Note 19: [(retour) ]
Les mots en italique sont en français dans le texte anglais original.
À Mademoiselle ***.
Rue Ampère, 1883.
Chère amie,
Il y avait une fois un atelier tout rempli de dames et de demoiselles parmi lesquelles se trouvaient une Russe et une Américaine. La Russe se prit d'amitié pour l'Américaine et fut excessivement gentille pour elle, essayant en toute circonstances de lui être agréable, sans songer que bien des gens se disent en eux-mêmes: «Pourquoi un tel ou une telle se met-il ou se met-elle en quatre pour moi? Ce ne doit pas être quelqu'un de bien.» Cette réflexion, quoique peu flatteuse pour celui qui la fait, se fait très souvent, les plus grands moralistes l'affirment.
Quoi qu'il en soit, la Russe traitait l'Américaine comme une petite sœur et disait devant elle toutes les folies et tous les enfantillages qui lui passaient par la tête. Très aristocrate, au fond, elle avait le tort peut-être de croire qu'on devait comprendre qu'un artiste n'était pas un homme pour elle, elle en parlait donc comme on parle d'une chanteuse ou d'un cheval favori aux courses, s'intéressant jusqu'à leur vie privée.

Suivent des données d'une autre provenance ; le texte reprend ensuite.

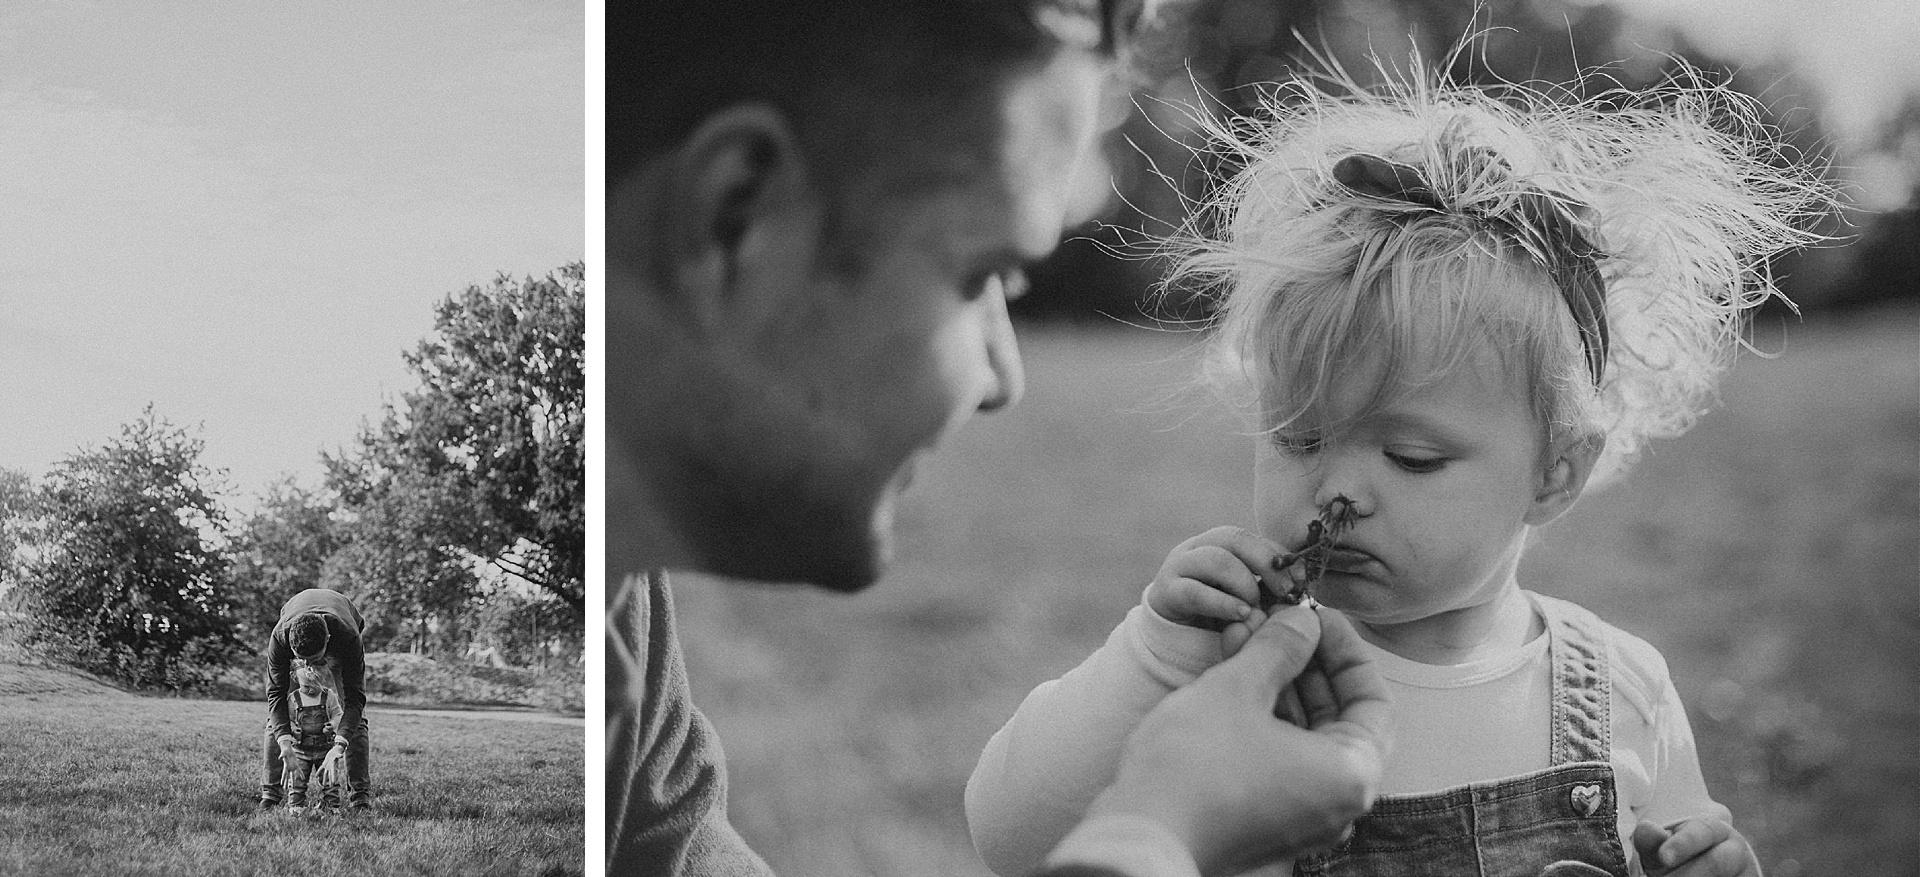 familienfotograf-familien-reportage-bremen-danielzube-familienfotografie_0010.jpg

Et comme elle associait son amie à toutes ses plaisanteries, cette amie eut alors une pensée dont, à sa place, je serais éternellement honteuse, elle crut qu'on se servait d'elle pour ne pas se compromettre et fit un beau jour à la Russe une observation dont celle-ci resta absolument suffoquée, au point de ne savoir quoi répondre. La réponse tout indiquée était de tourner le dos à la petite Américaine; mais, n'ayant pas eu la présence d'esprit de le faire à l'instant, le lendemain la Russe crut indigne d'elle de donner de l'importance à une impertinence si sotte et résolut de traiter tout cela avec un bienveillant dédain. Mon avis est qu'elle eut tort; du reste, cette nuance ne fut pas comprise et l'Américaine, se trompant à l'attitude de la Russe, prit un petit air digne assez comique et qui puisait sa source dans l'intérêt que lui avait témoigné une grande dame et sa fille, ce qui lui avait légèrement tourné la tête, en sorte qu'elle ne pensa pas un seul instant que la façon dont elle était reçue dans la famille de la Russe ne lui faisait peut-être pas de tort aux yeux de plusieurs personnes.
Enfin... Mais comme la Russe a un caractère très large et un esprit plus occupé de choses sérieuses que de bêtises de ce genre, elle trouva avec philosophie tout cela fort naturel, se contentant d'en rire un peu de travers comme l'Arlequin de Saint-Marceaux, un artiste qu'elle vénère et dont elle aime le talent.
J'espère, ma chère Alice, que vous riez aussi de cette histoire aussi instructive qu'amusante et que je vous raconte parce qu'il est bon qu'on ne me prenne pas toujours pour une bête.
Mlle Canrobert m'a donné votre adresse, ce qui me permet de vous souhaiter toute sorte de bonheurs en Amérique. Vous savez déjà sans doute que j'ai obtenu une mention.